I decide that my day at the beach will only turn into me
watching the clock and thinking about all the things I should be doing instead
of lounging around enjoying life.
Grudgingly I get into regular clothes and head out to Home Depot.
Today I will replace the window shades that are so old most
of them have broken and no longer open without serious machinations, loops of
yarn, and other homemade contraptions. I
have been to Home Depot before to solve this dilemma, but they never have the
cheapo shades I need because I'll be damned if I am going to replace the
mounting mechanisms and start from scratch.
Damn. I've been
damned.
Even though Home Depot.com claims the store has the shades,
I've always been unable to locate them.
Today I am determined to re-shade or bust, only there will be no busting
this time. I'm not leaving here until I
have the shades I need.

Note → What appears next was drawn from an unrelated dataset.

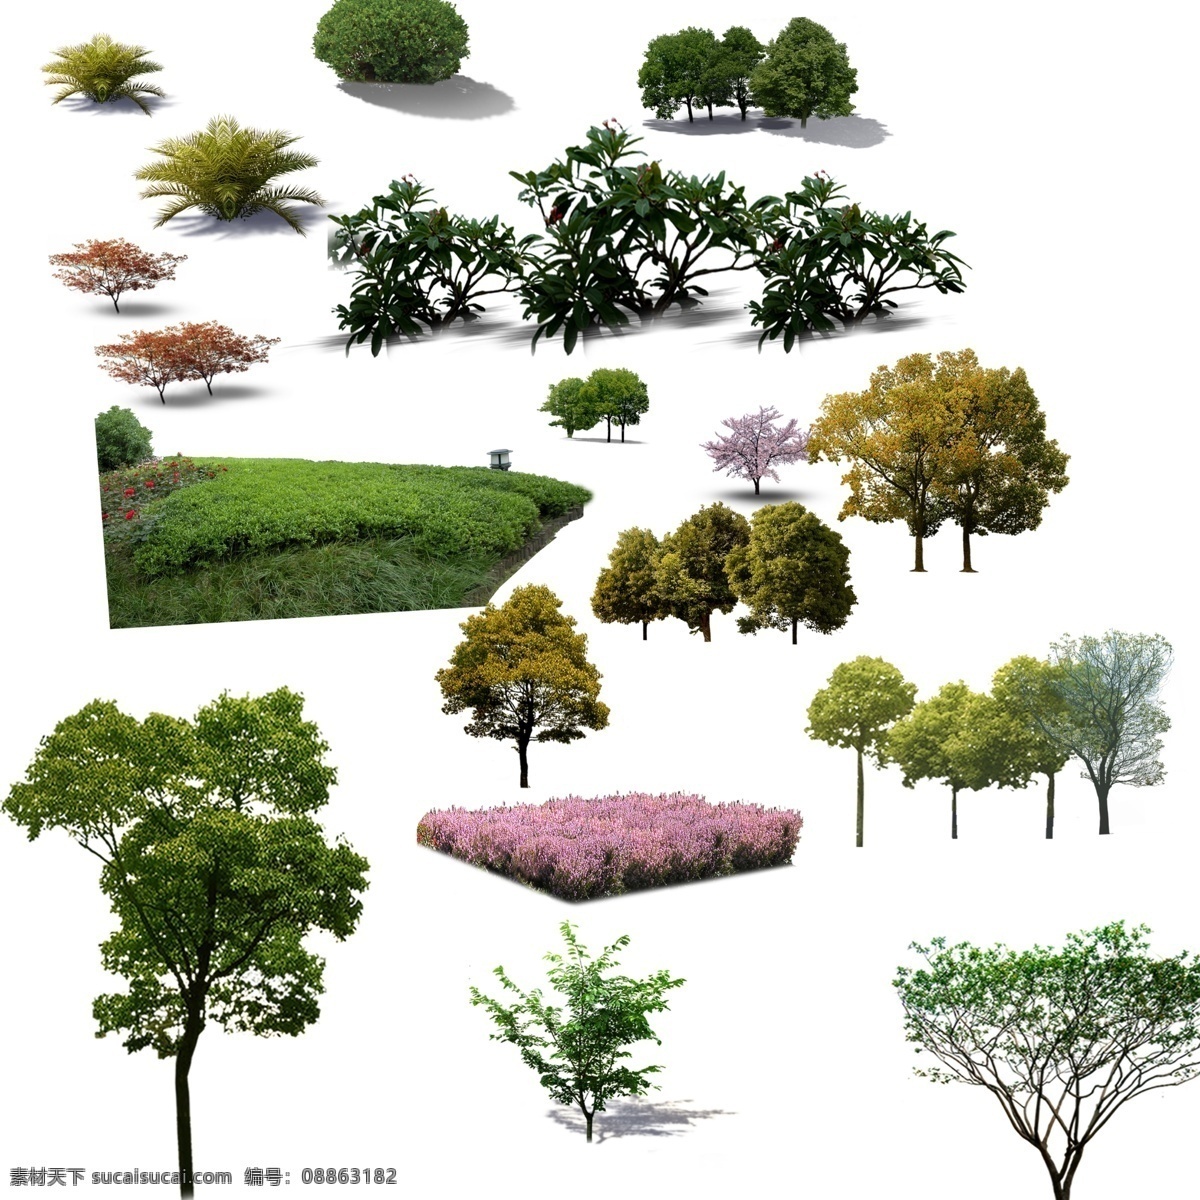 天朗 效果 植物 后期 园林 效果图 园林景观 景观设计 环境设计 源文件

I wait and wait
and wait for someone to come along, and then she has to cut a rug (literally,
as in truly cut a length of carpet on a giant bladed machine, not dance around
the store) before she can help me.
Cue the grumpy old guy.
Grumpy Old Guy is not the person scheduled to work that
department today, but he agrees to help me.
He convinces me that if I really want to go cheap, mini blinds are the
best bet. I've had mini blinds before,
even put them up myself, but I remember they are dust magnets, especially in
the spring when all the pollen gets into the house. In the end, I am far cheaper than I am lazy,
so I go with the $5 mini blinds. I need
eight of them. Good deal.
Until Grumpy Old Guy discovers I need two of them cut to
size.
Of course the ones to be cut are the $15 blinds. They can't cut the cheap ones because they
are the cheap ones. It turns out that
half my total bill is for the two cut blinds
Pissah start.
I get the blinds home and realize that the directions are
too convoluted to follow. They're done
in pictures. I am not a visual
learner. To make it worse, the two
expensive blinds have totally different directions than the cheapo ones.
Pissah again.
I realize that I don't have all the supplies I need because
my children have pilfered my tool cabinet over the years. I do not have a single Phillips head
screwdriver left out of the half dozen I've owned over the years. I scour the house and eventually find one, so
I get to work with the flimsy Phillips head screwdriver on the brackets, first
taking the old brackets out by hand and then putting the new brackets in. Sixty minutes later, one window is finished.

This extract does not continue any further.